So, lets take a ball park approach.

Developer buys a few acres in vacation area and is going to put up 10 two BR condos with 10 units each which will cost $300K per unit. His savvy accountant points out that would be 100 units and maybe $50K profit each. However, if he makes TSs he can make a lot more money. So Developer has 50 Intervals per unit (keeps a couple for himself) which he sells for average of $30K depending on season/demand. This brings in $1,500,000. Of course, to do this he has to spend around a $900K for scamming sales weasels.
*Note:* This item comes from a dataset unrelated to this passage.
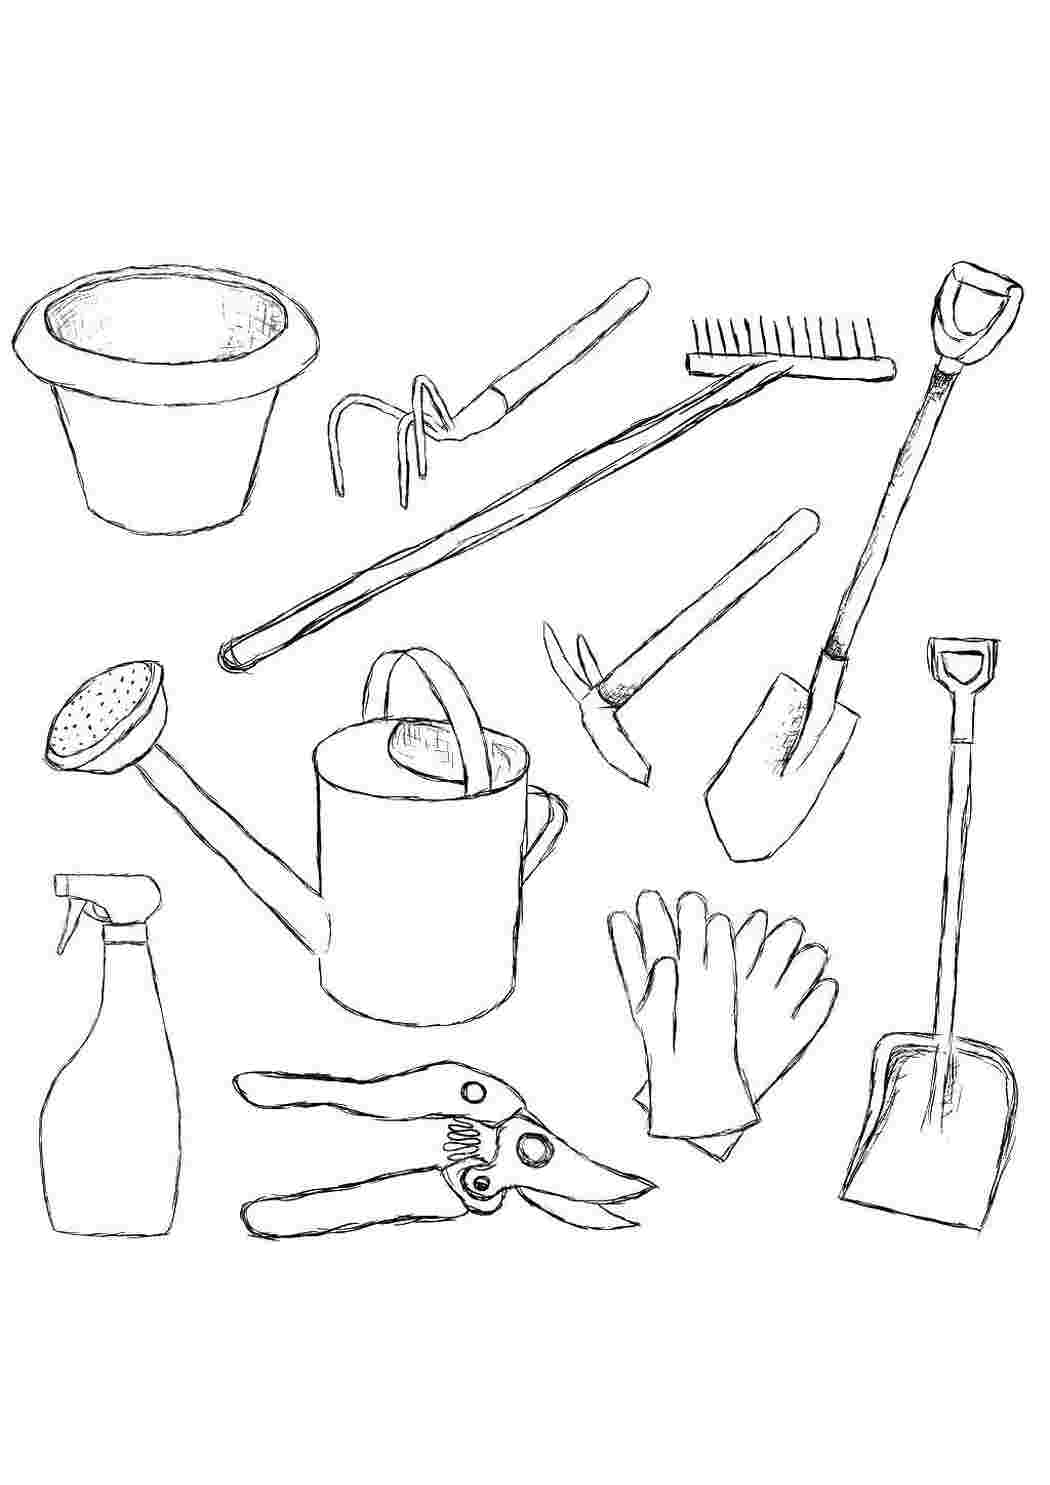 Раскраски Инструменты для сада инструменты сад, инструменты

So it cost him $300K to build, $900K to sell and he has $300K profit.

But the real real kicker is he(HOA) sign a life time contract for him to manage at cost plus 10%. No wonder all the big guys jumped into TSs!

So to OP question:

"dont care about cost of sales / net

what i mean is (building cost divided by units) and (sold out total sales divided by units divided by 52 weeks) "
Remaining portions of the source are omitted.